約20年前に来られたA様は、少し不安気であるけれど気丈な女性でした。「私の脚はこんなんだけど出来る?」A様の片脚は、外側へ向かって開いて動かない状態でした。歩行には杖が必要な状態です。当時のカウンセリング内容と今の私がわかる範囲で統合すると、強い股関節疾患に対する治療として、関節固定術を受け関節機能よりも痛みや機能障害の回避の為に骨盤側と大腿骨を直接固定してしまうという、今では人工関節等の医療が進んでいるのでまず選択されない、そのような治療を受けられた方だったのだと思います。
 私:「触ってもいいのですか?」A子様「大丈夫だから、とにかく辛いの。」
 私:「わかりました。触ってはいけないところ等がありましたら教えてください。」ほんの一瞬でお受けすることになりました。

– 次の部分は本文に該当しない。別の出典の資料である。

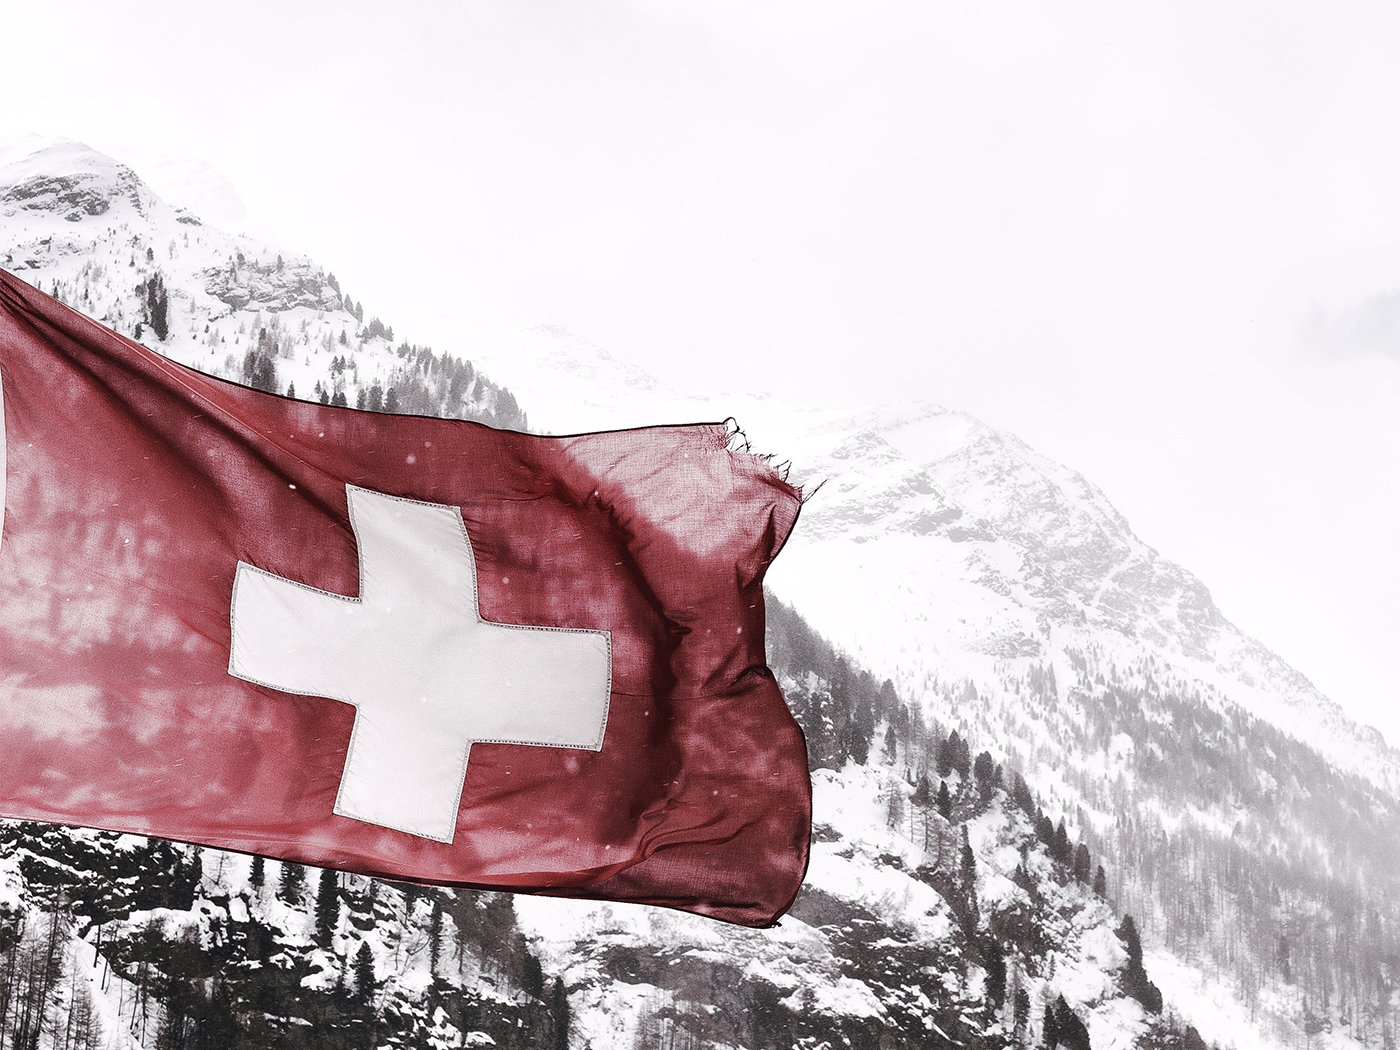 Mautgebuehren Schweiz Flagge Berge Schnee

 一歩一歩を杖と共に一生懸命前へ移動されました。施術が始まりA子様がお話をされます。「私の脚を見てびっくりしたでしょ?こんなんだからどこの整体行っても断られるの。」私:「もう動かないのですか?」A子様「そう、もう完全にくっついているから。当時はね、このような治療しかなかったの。」
大変辛い思いをされてきたことは想像に容易いそのお身体を、当時の私が出来る限りの施術をしながらそのような会話が進みます。少しずつお楽になられていくA子様がまたぽつりと、「私は週に数回、家でヘルパーさんのお世話になっているんだけど、その時にありがとうってお礼をいうでしょ?そしたらね、その子が『仕事ですから。』って言うの。私、それが寂しくて。。。」。施術が終わり、少しは身体が軽くなられた笑顔の反面、気丈にまた一歩一歩一生懸命歩いて行かれました。私は、先ほどのお話を聞きながらA子様の立場を想像してみました。もちろんヘルパーさんに悪気はありません。そういうことか。。。それからの20年間、私はお客様からお礼やお気遣いの言葉を頂いても「仕事ですから」という言葉を一度も使わずに来れました。あの時にそのことを教えて頂いたA子様には今でも感謝しています。私は、今もありがたく施術家としてお仕事をさせて頂いていますが、お人との出会いはとても尊いものだと感じます。
 A子様、お元気でいらっしゃいますか。もしもこのブログを見て頂くご縁に恵まれましたら、また是非私のところへお越しくださいませ。喜んで私の出来る限りの施術をさせて頂きます。A子様、ありがとうございました。